FRAGMENTY RNA POCHODZĄCE Z mRNA
Krótkie fragmenty RNA pochodzące z mRNA zostały
wyłonione w wyniku wielu badań organizmów eukariotycznych [64]. Stwierdzono, że niektóre cząsteczki mRNA
posiadające w swej strukturze drugorzędowej spinki do
włosów lub długie dupleksy mogą być substratami dla
endonukleazy Dicer i w związku z tym być źródłem endogennych siRNA (ang. small interfering RNA). Jako przykład może posłużyć przypadek z Drosophila, gdzie 3’ UTR
mRNA CG4068 jest źródłem siRNA wyciszającego gen
mus308 [65]. Ponadto, u tego organizmu zaobserwowano
powstawanie siRNA z niemal 25% transkryptów. Częstym
źródłem powstawania dwuniciowych RNA są dwukierunkowe promotory lub komplementarne transkrypty powstające z odległych loci (jak np. pary gen-pseudogen) [66]. W
intronach mRNA często zlokalizowane są również ustrukturyzowane RNA będące z kolei źródłem miRNA. Takie
introny (zwane mirtronami) zawierają albo całe sekwencje
pri-miRNA, które są substratem dla Dicer i Drosha, albo
też są krótsze, a pre-miRNA powstają w wyniku składania
[64]. Warto również w tym miejscu wspomnieć o dalszym
przetwarzaniu już przetworzonego mRNA. W 2009 roku
opisano po raz pierwszy grupę niewielkich (~15-18 nt) niekodujących RNA powstających z miRNA i nazwano ją usRNA (ang. unusually small RNA) [5]. Stwierdzono wówczas,
że w genomie herpeswirusa związanego z mięsakiem
Kaposiego występuje K12-1 miRNA (23 nt), z którego powstaje 17-nukleotydowy usRNA (us-K12-1).

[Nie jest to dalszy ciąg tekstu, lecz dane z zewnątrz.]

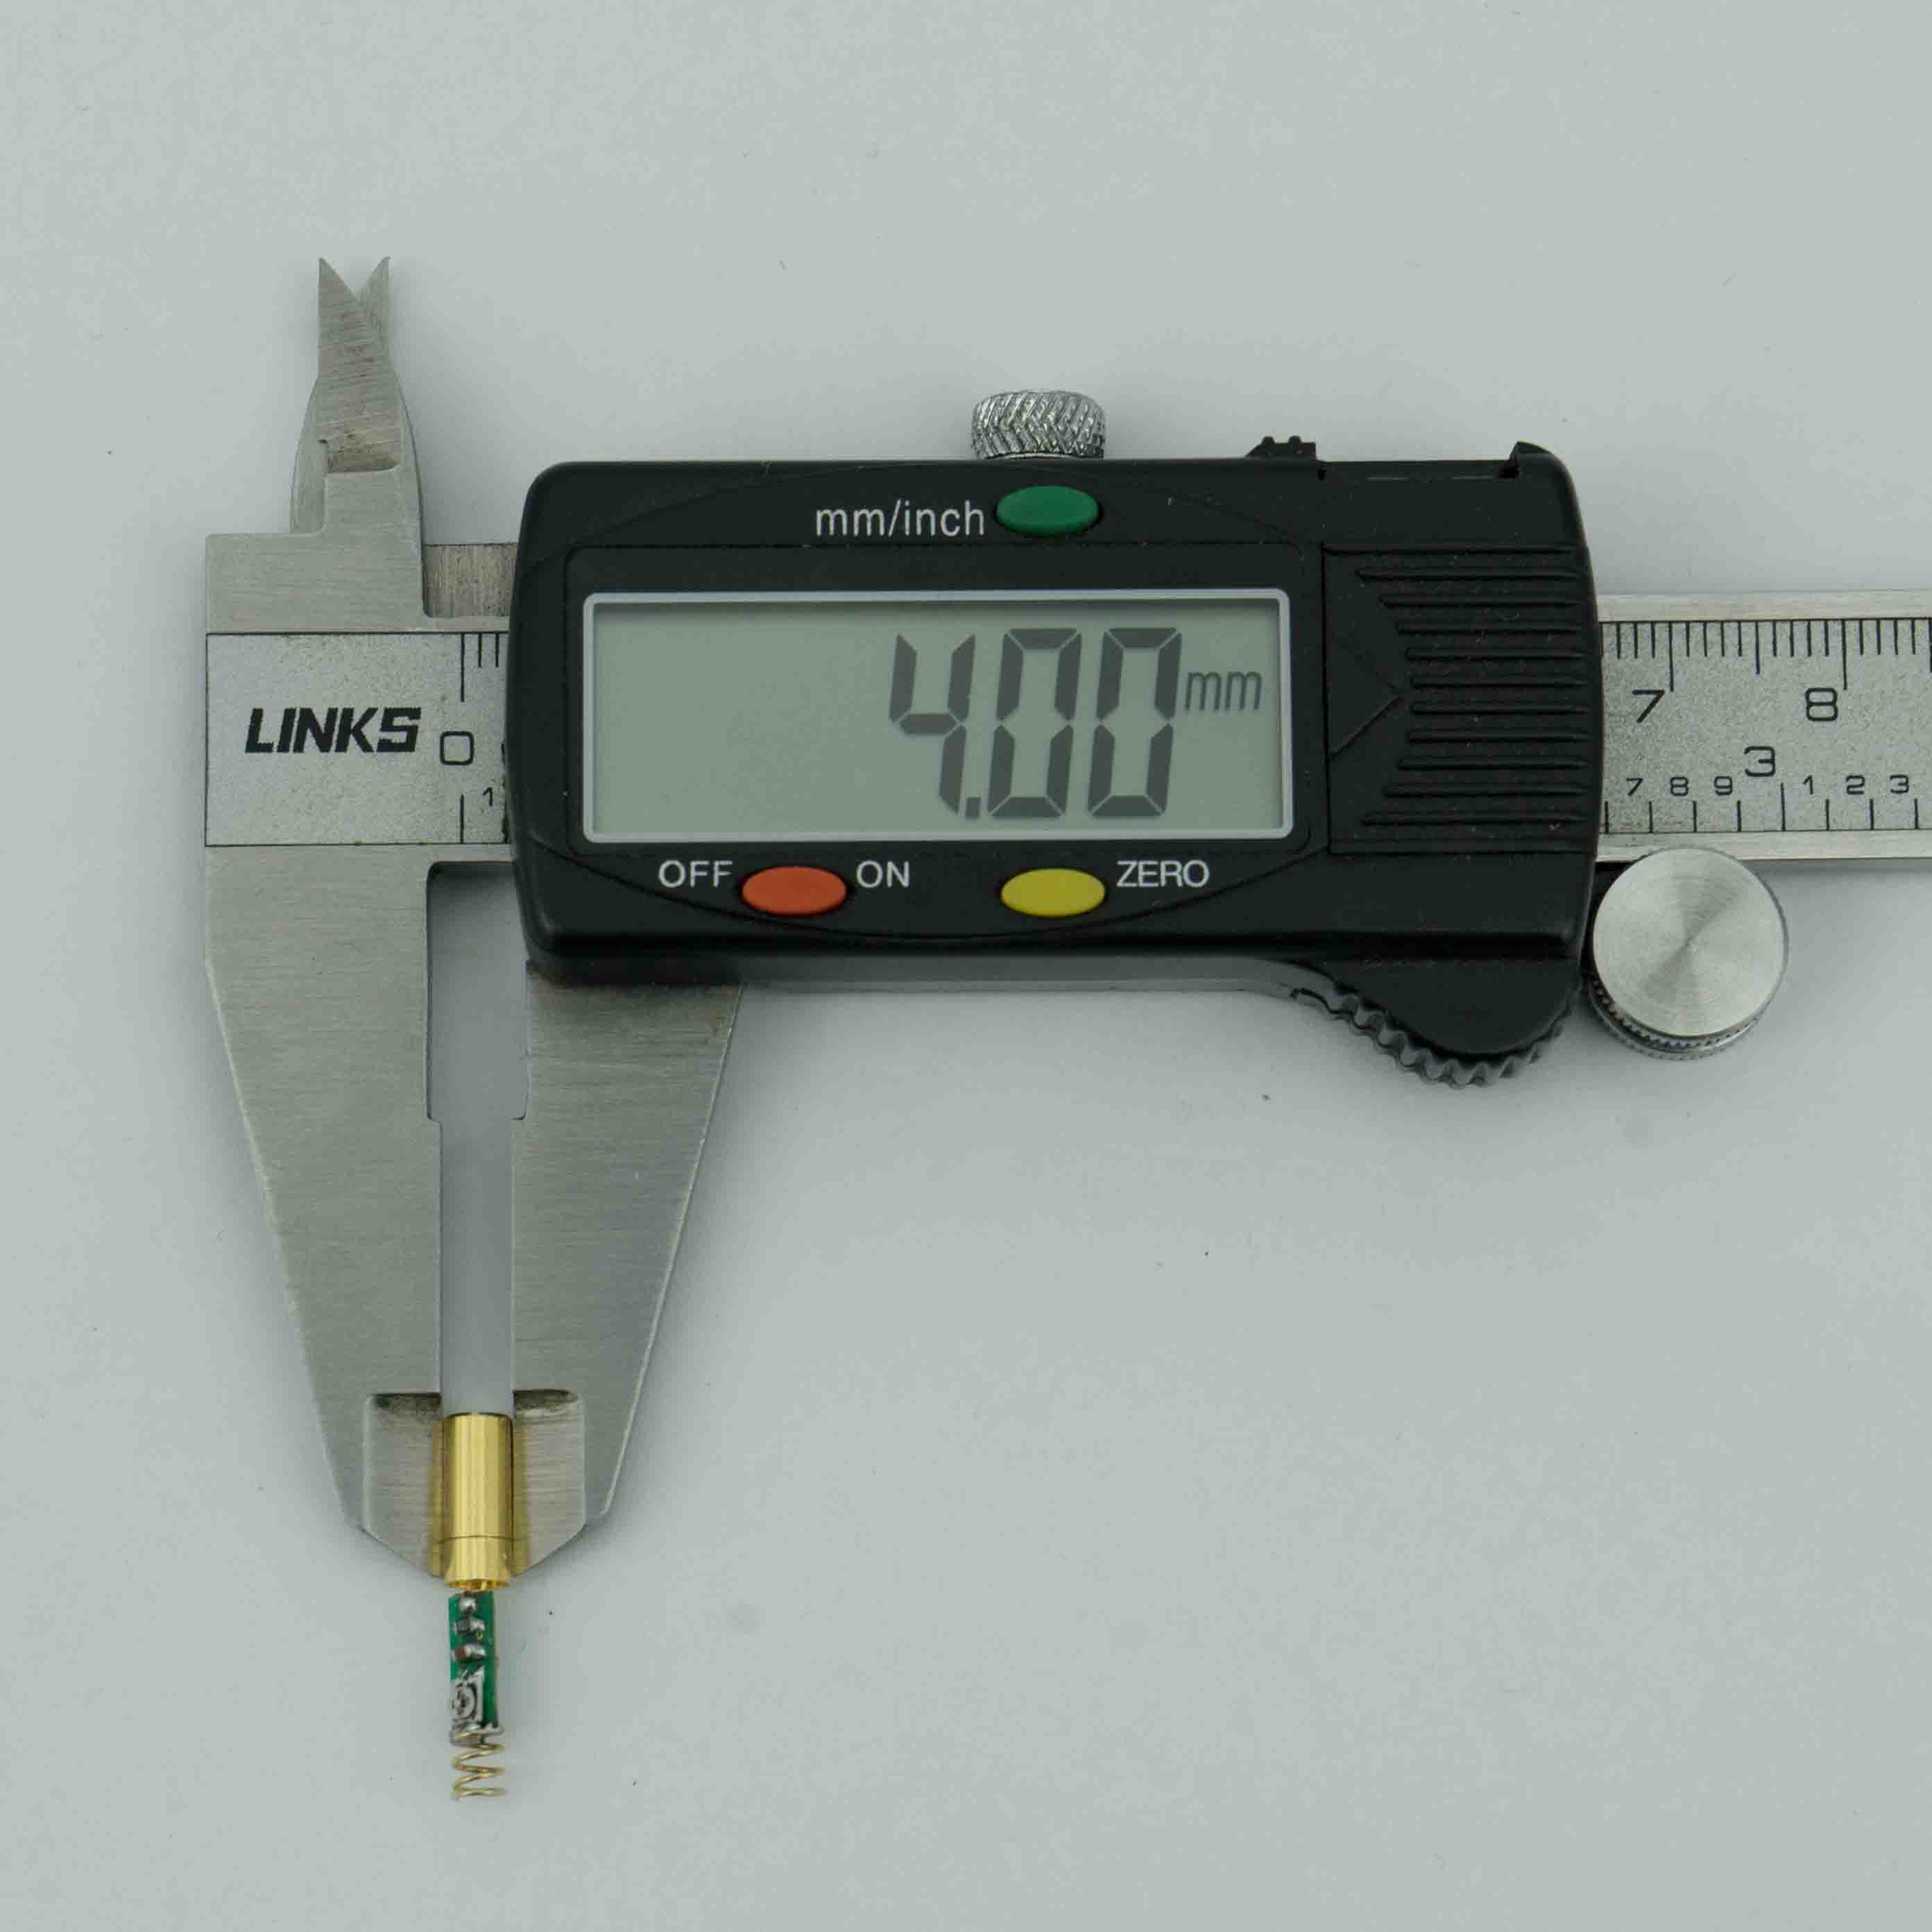 Miniaturlaser Φ4mm 520nm 5mW Green Dot Lasermodul für Laserzielgeräte Pistolenlasergriffe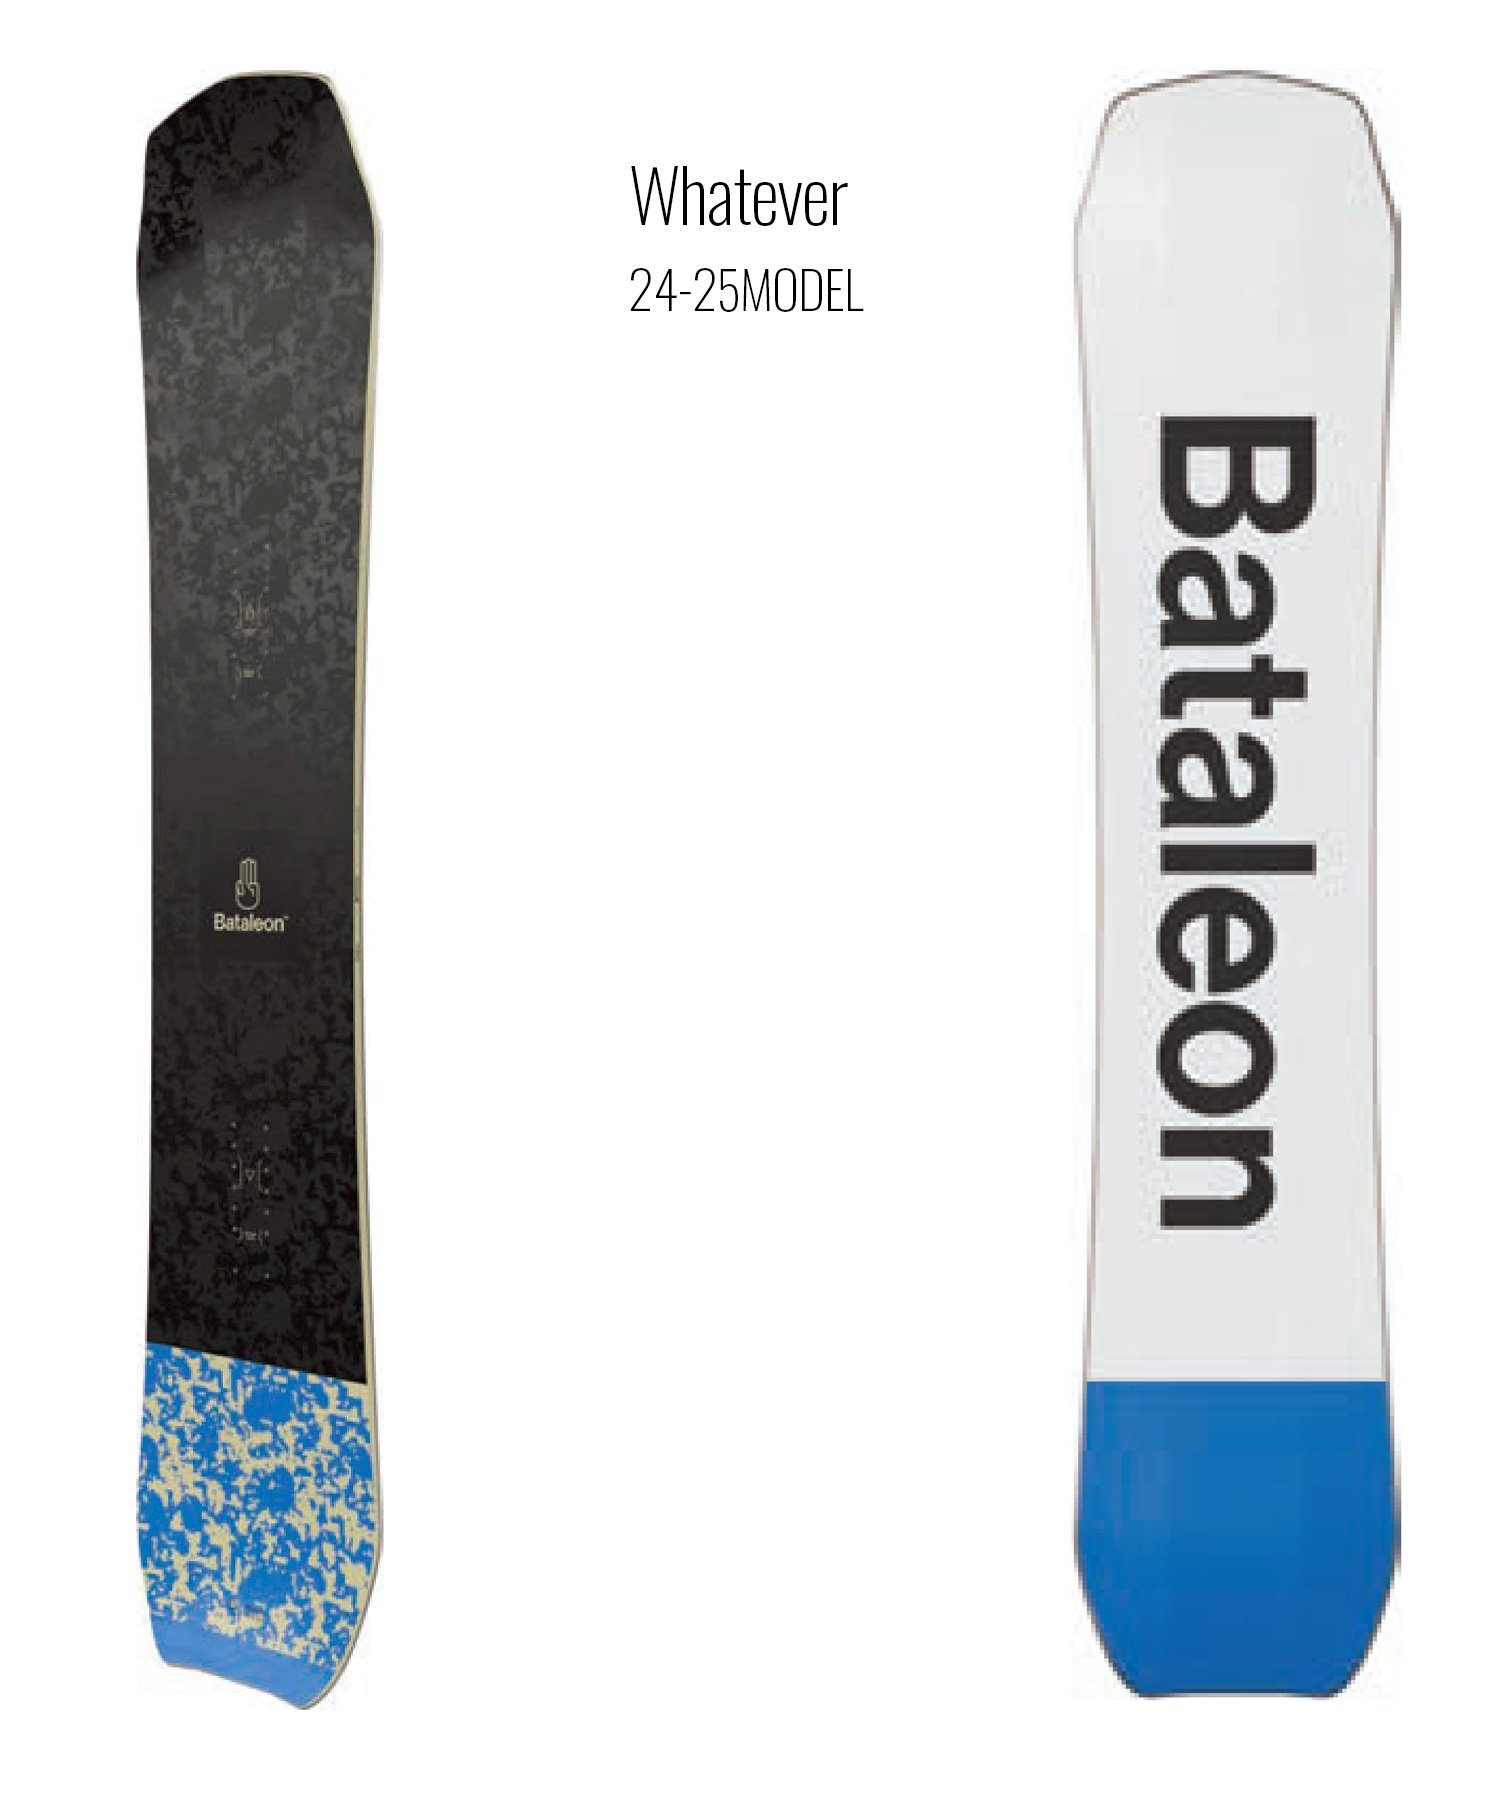 【早期購入】BATALEON バタレオン スノーボード 板 メンズ Whatever ムラサキスポーツ 24-25モデル LL B8(ONECOLOR-148cm)

Wspomniany
usRNA łączy się z białkiem Ago2 spełniając swoją unikatową funkcję, jaką jest regulacja poziomu mRNA RAD21,
kodującego białko odpowiedzialne za naprawę przerw w
dwuniciowych kwasach nukleinowych (ang. double-strand-break repair protein). Dalsze odkrycia wykazały, że usRNA
powstają głównie z końca 5’ miRNA i wiążą się głównie do
białka Ago2 — wówczas charakteryzują się specyficznym,
bogatym w cytozynę, motywem dokującym na końcu 3’.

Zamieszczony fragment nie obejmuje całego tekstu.